Vereisten arbeidsovereenkomst
Arbeidsovereenkomsten zijn vormvrij en kunnen dus zowel mondeling als schriftelijk rechtsgeldig worden aangegaan. Als u een arbeidsovereenkomst niet schriftelijk vastlegt loopt u als werkgever echter grote risico’s. Naast het feit dat u de lage WW-premie niet kan toepassen (zie ons nieuwsartikel van 21 december 2022) is het bij mondelinge overeenkomsten namelijk ook de vraag in hoeverre de exacte inhoud van de arbeidsovereenkomst bewezen kan worden. De vraag of een bepaald beding gemaakt is en wat dan de precieze strekking is, laat zich in de praktijk vaak moeilijk bewijzen. Als u als werkgever de afspraken omtrent de tijdelijkheid van de overeenkomst niet of onvoldoende hard kunt maken dan zal de rechter uitgaan van een arbeidsovereenkomst voor onbepaalde tijd.
Bijzondere bedingen
Sommige bijzondere bedingen, zoals het proeftijdbeding, het concurrentie– en relatiebeding, het boetebeding en het tussentijds opzegbeding zijn alleen rechtsgeldig als ze schriftelijk zijn overeengekomen. Is een dergelijk beding niet schriftelijk overeengekomen, dan wordt het betreffende beding geacht niet te zijn overeengekomen en kun je er als werkgever (of werknemer) geen beroep op doen.
Schriftelijke opgave kenmerken arbeidsovereenkomst
De werkgever is op grond van de wet verplicht om schriftelijk opgave te doen van de belangrijkste kenmerken van de arbeidsovereenkomst. Deze wetgeving is sinds 1 augustus 2022 uitgebreid en aangescherpt.

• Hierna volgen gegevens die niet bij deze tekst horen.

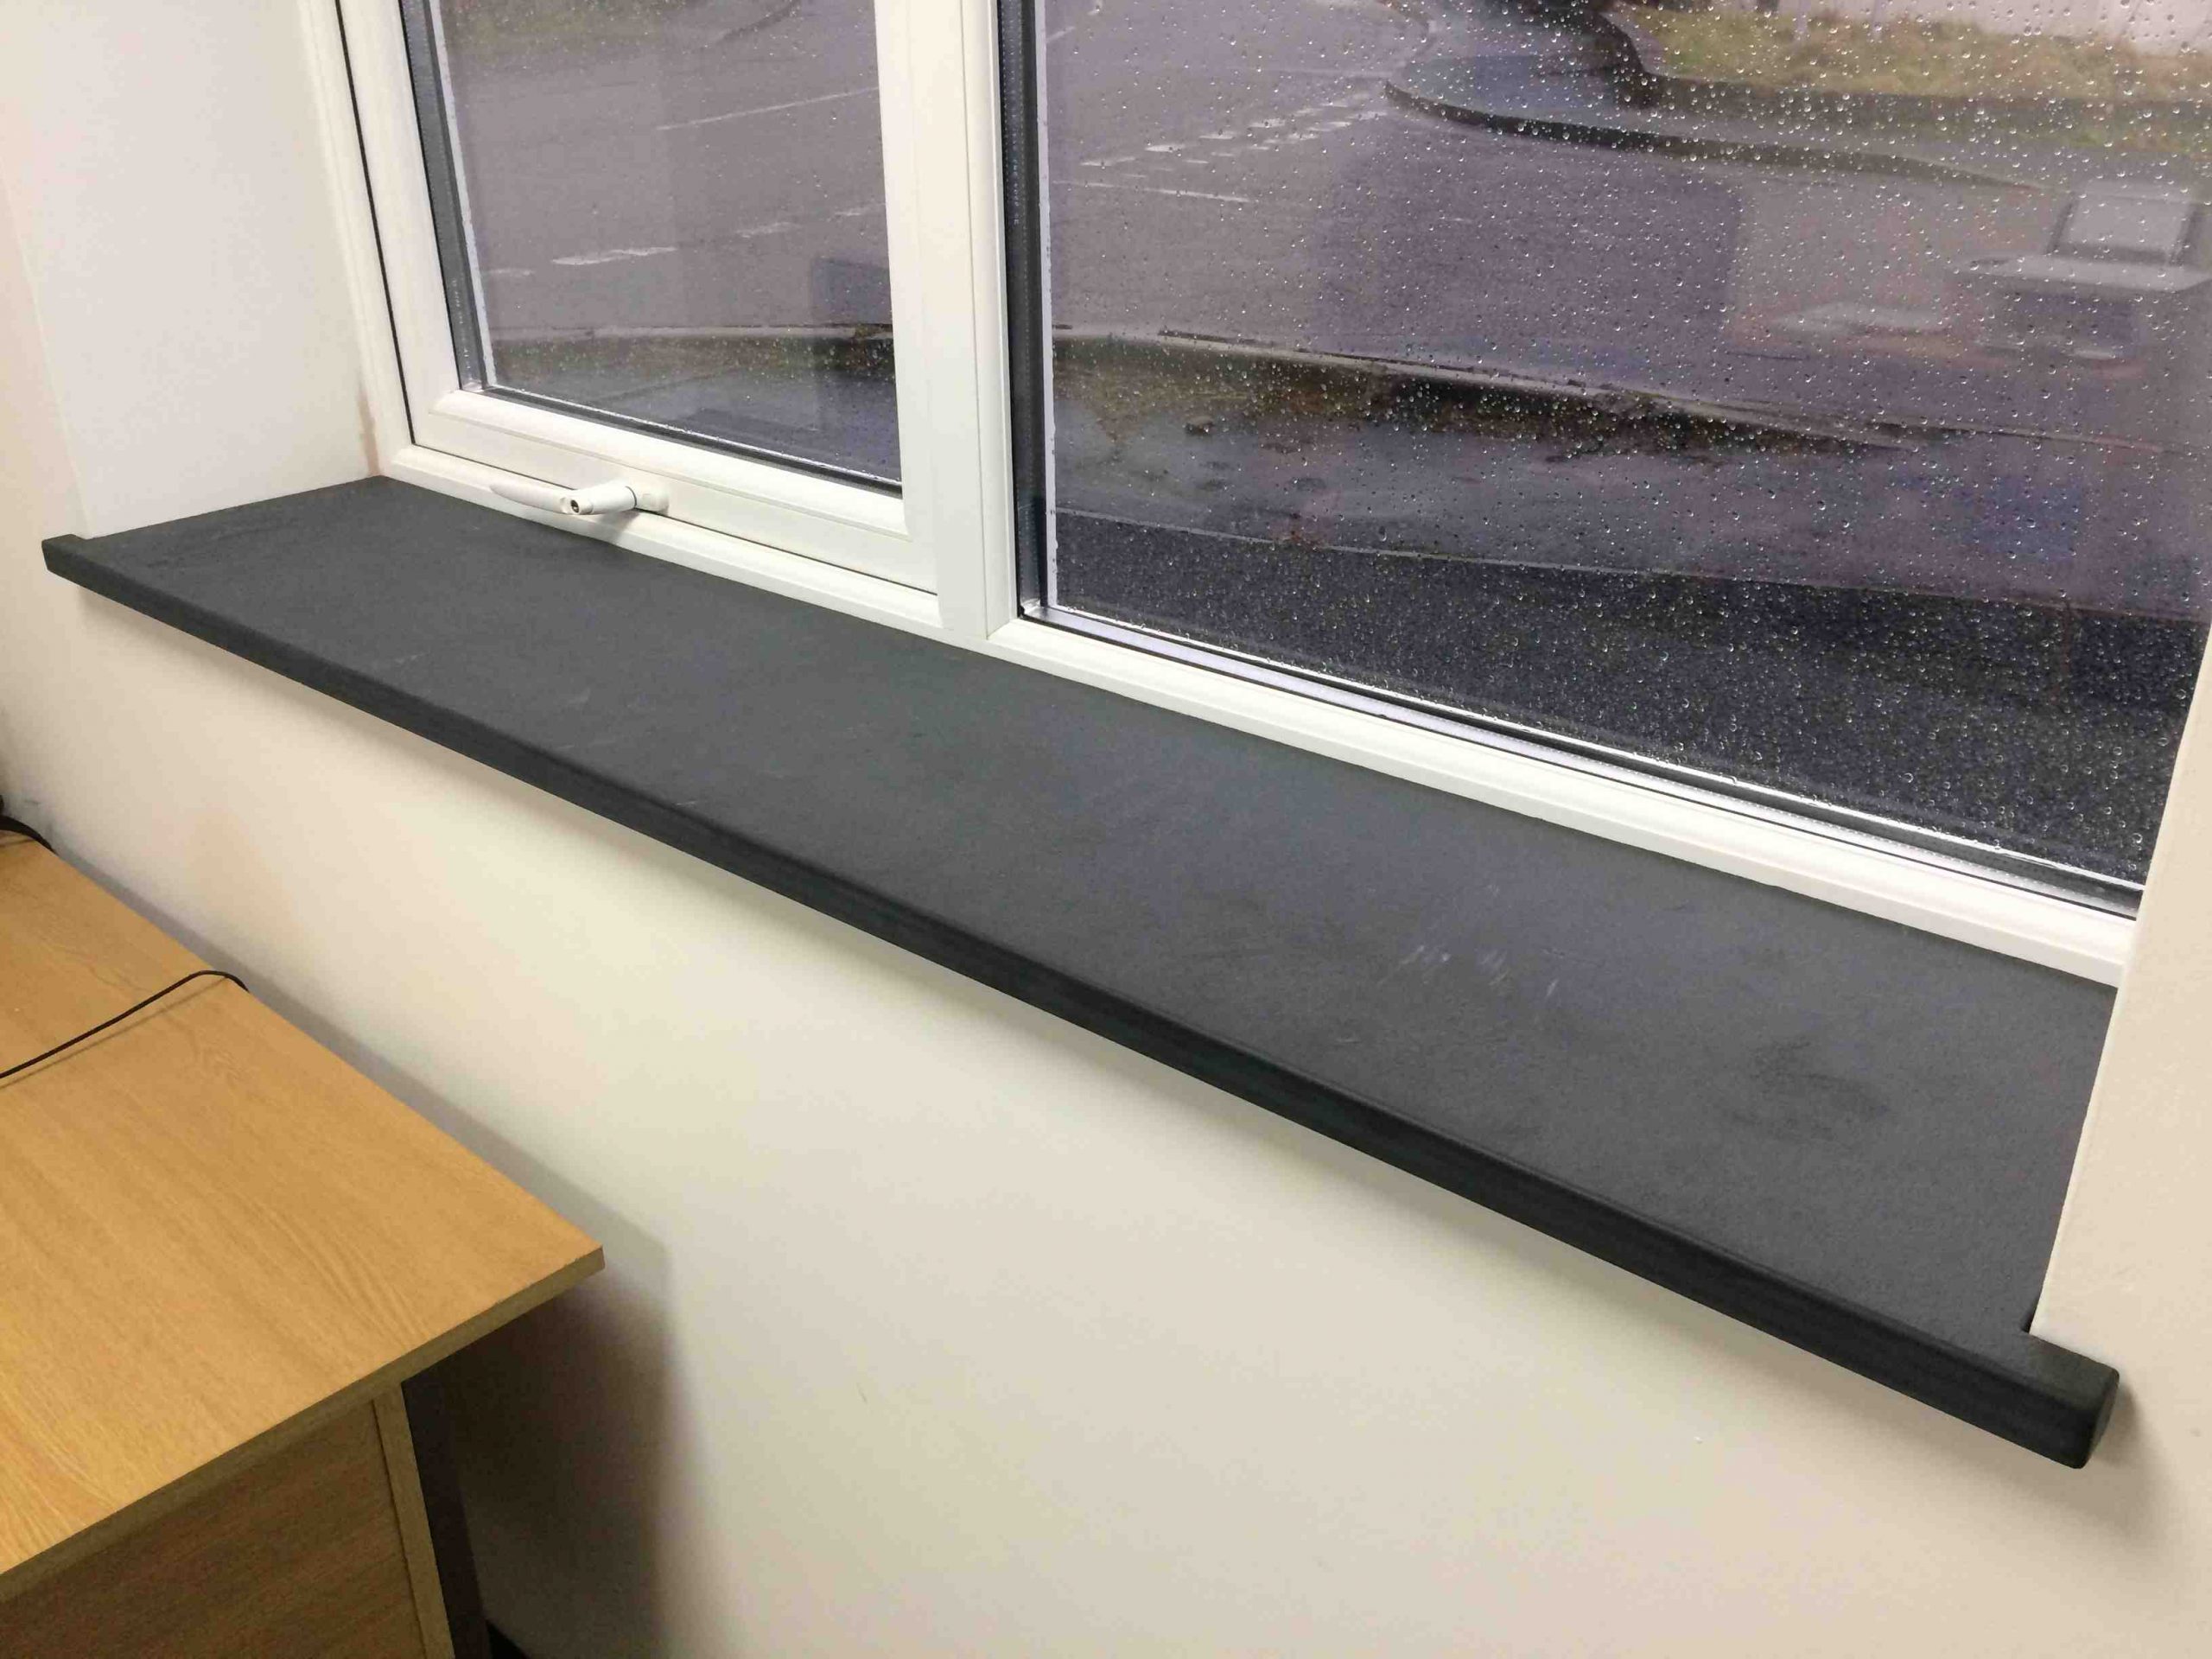 Comment remplacer un appui de fenêtre ?

Dit houdt onder meer in dat de werkgever binnen één week na aanvang van de werkzaamheden de werknemer moet informeren over, voor zover hier van belang, de duur van de arbeidsovereenkomst en de proeftijd.
Kortom, om bewijstechnische problemen maar ook om ongeldige bijzondere bedingen te voorkomen is het noodzakelijk om de werknemer vóórdat deze met zijn werkzaamheden begint een schriftelijke arbeidsovereenkomst te laten ondertekenen. Mits u gebruik maakt van een arbeidsovereenkomst die voldoet aan de meest recente wet- en regelgeving heeft u dan tevens voldaan aan de aangescherpte opgaveverplichting.
Dat het van belang is om tijdig een schriftelijke arbeidsovereenkomst aan te gaan werd onlangs nog eens bevestigd door de kantonrechter Almelo in een beschikking van 6 december 2022.
In deze casus had een werkgever een werknemer in dienst genomen maar had de werknemer verzuimd de door de werkgever opgestelde tijdelijke arbeidsovereenkomst te ondertekenen. Als de werkgever de werknemer schriftelijk aanzegt de arbeidsovereenkomst niet te verlengen en zich op het standpunt stelt dat de tijdelijke arbeidsovereenkomst dus van rechtswege eindigt verweert de werknemer zich. Wat hem betreft is sprake is van een arbeidsovereenkomst voor onbepaalde tijd en is de beëindiging door de werkgever daarom niet rechtsgeldig is.
In de daarop volgende procedure oordeelt de kantonrechter dat sprake is van een arbeidsovereenkomst voor onbepaalde tijd omdat er geen sprake was van een door partijen getekende arbeidsovereenkomst terwijl ook op de loonstrook niet was vermeld wat de duur van de arbeidsovereenkomst was en dat de werkgever, bij gebreke van een door de werkgever ondertekende arbeidsovereenkomst, ook niet had voldaan aan de wettelijke verplichting om schriftelijke opgave te doen van de duur van de arbeidsovereenkomst.
Dit oordeel van de kantonrechter maakt wederom duidelijk dat werkgevers er goed aan doen om werknemers tijdig, dat wil zeggen vóór aanvang van hun werkzaamheden een schriftelijke arbeidsovereenkomst te laten ondertekenen of in ieder geval hun verplichting tot schriftelijke opgave van kenmerken van de arbeidsovereenkomst serieus te nemen. Werkgevers die dat niet doen zullen te maken krijgen met bewijsproblemen en/of ongeldige bijzondere bedingen met alle financiële consequenties van dien.